Over the past year, restaurants across Pennsylvania have spent millions and millions of dollars reconfiguring themselves to sell take-out drinks and build outdoor shelters in nearby parking lots, so people can keep going. eat outside without risking infection with COVID-19.
That huge investment collided this week with the state’s Republican Party and its vindictive crusade against Democratic Governor Tom Wolf. Takeaway drinks and outdoor construction were made possible by Wolf’s declaration of pandemic emergency, which the state’s GOP absurdly attacked as some sort of fatal blow to freedom. So they added a constitutional amendment to the recent ballot in the primary elections that would give the legislature the power to overrule a governor’s declaration of emergency.
Unfortunately (in part because it was a low-turnout primary), this amendment was passed, and the Pennsylvania legislature duly rescinded Wolf’s declaration of emergency. The Pennsylvania Liquor Control Board then ruled that the provisions allowing take-out drinks and alfresco dining had been repealed. Oops!

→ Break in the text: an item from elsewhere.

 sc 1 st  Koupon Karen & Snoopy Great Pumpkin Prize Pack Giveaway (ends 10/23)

It’s infuriating both because Republicans clearly haven’t given much thought to what they’re doing (they’ve since proposed a bill to legalize take-out drinks, but paired it with a measure to undermine the state’s alcohol monopoly, so Wolf is likely to veto it), and because this is precisely the wrong action to take with outdoor dining in the future. There will no doubt be a huge fight this summer, even in dense cities like Philadelphia and New York, over whether to sacrifice a few parking spots so restaurants can conserve space for alfresco dining. . Even the slightest restriction on driving tends to provoke furious protests from drivers.

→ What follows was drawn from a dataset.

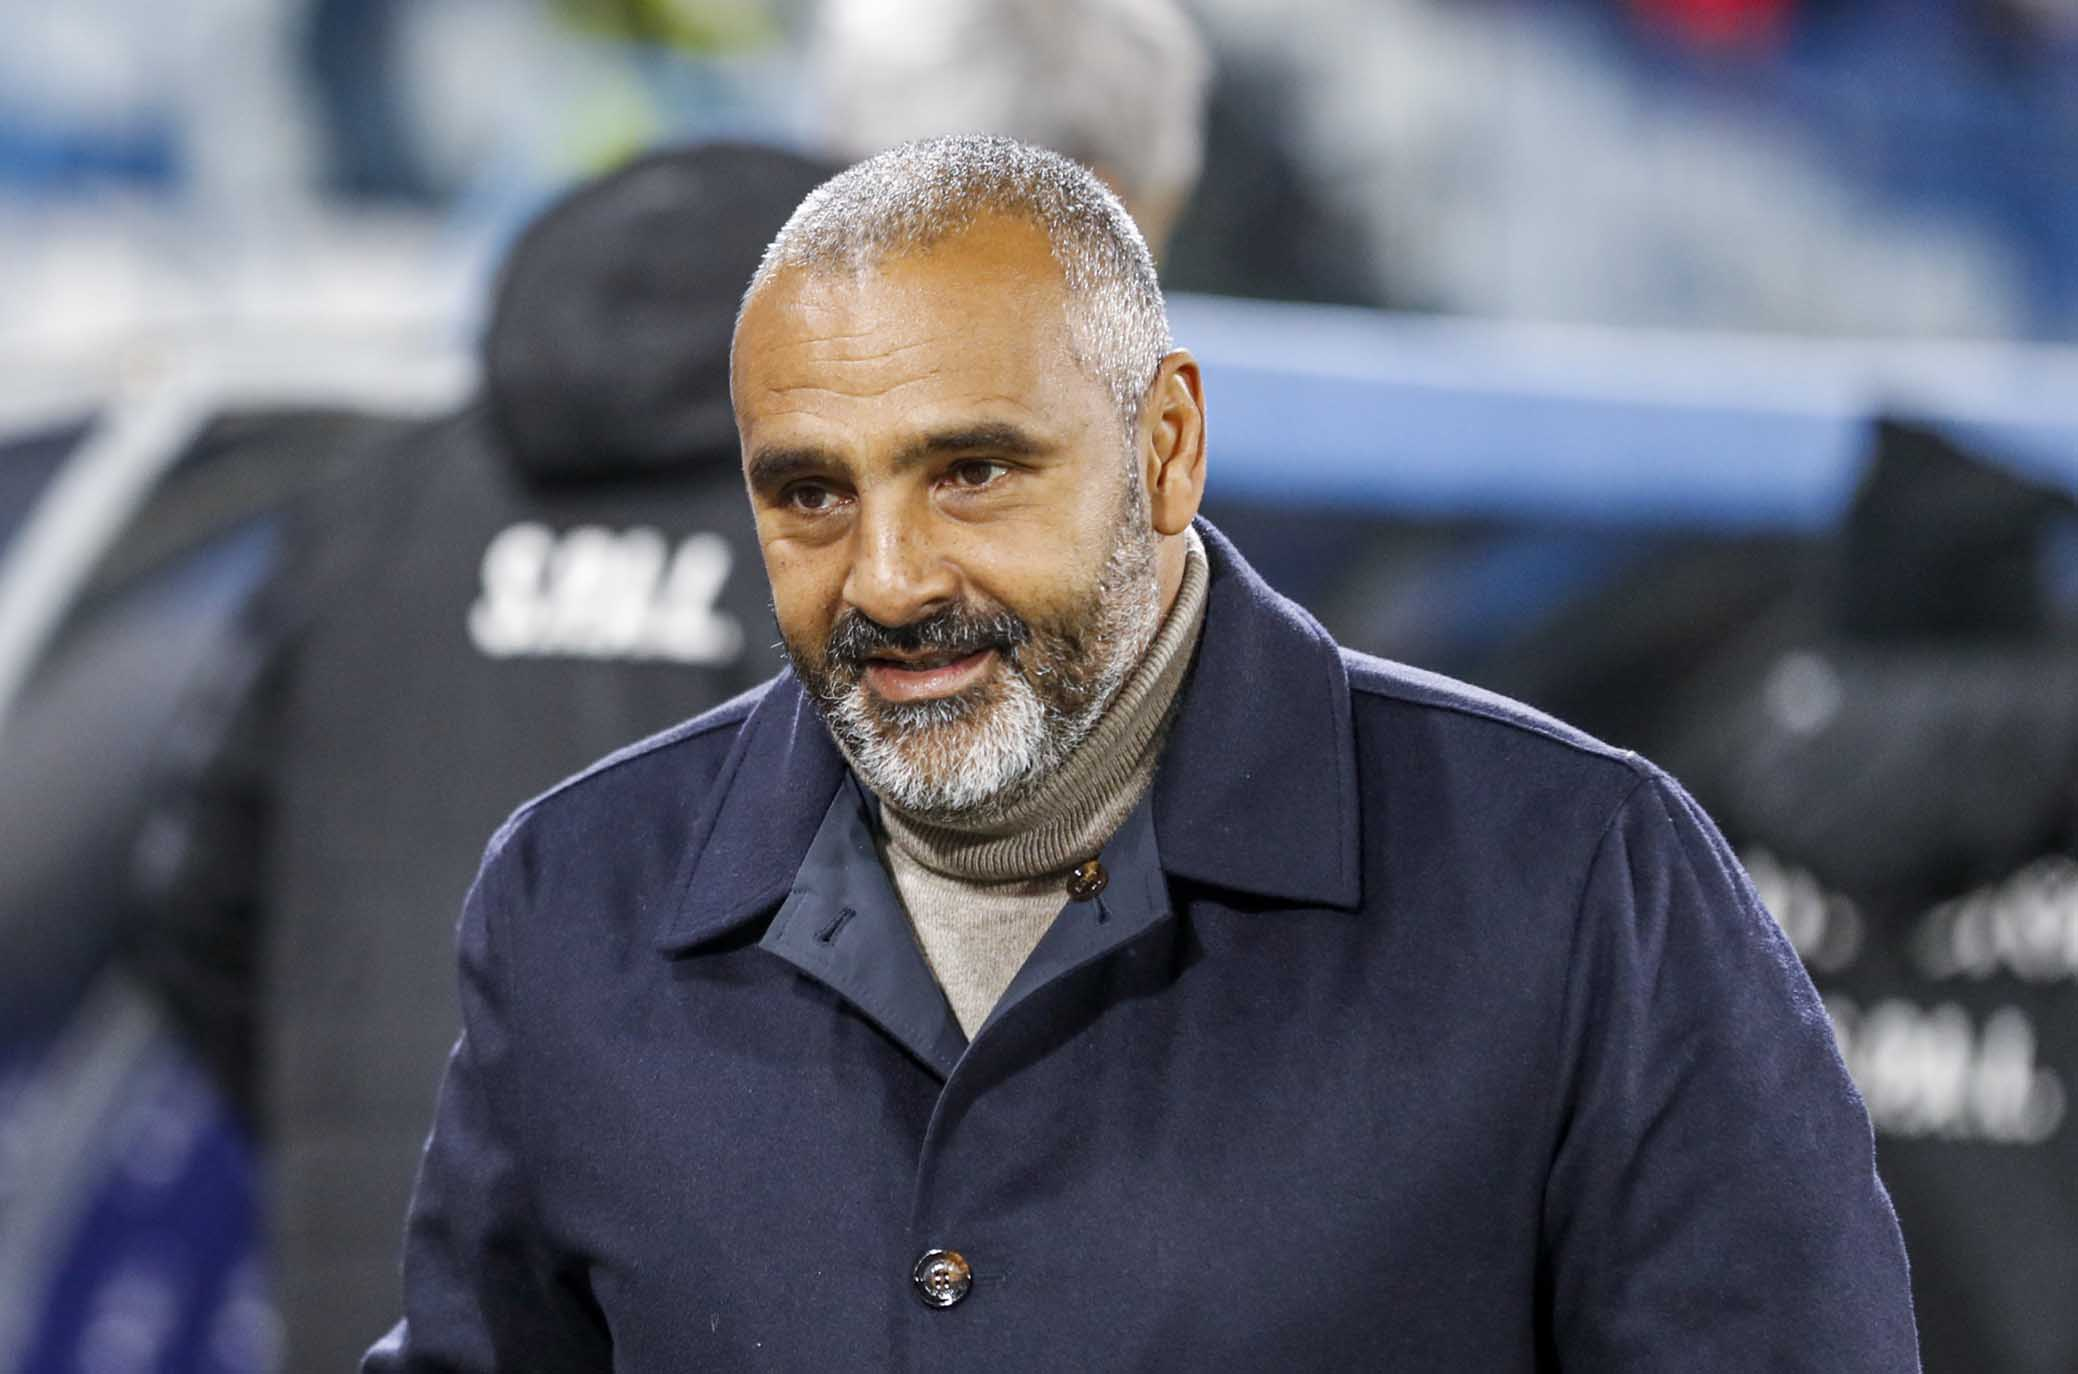 Lecce-Genoa da 0-2 a 2-2: eurogol di Pandev e rossoblù in nove

But in truth, alfresco dining during the pandemic has been a very welcome takeover of public property – removing space from the hugely undervalued car storage and moving it to more pleasant, pedestrianized neighborhoods. Take-out drinks could be phased out when the pandemic is truly over, but alfresco dining rooms are expected to remain indefinitely. Cities should be for people, not vehicles.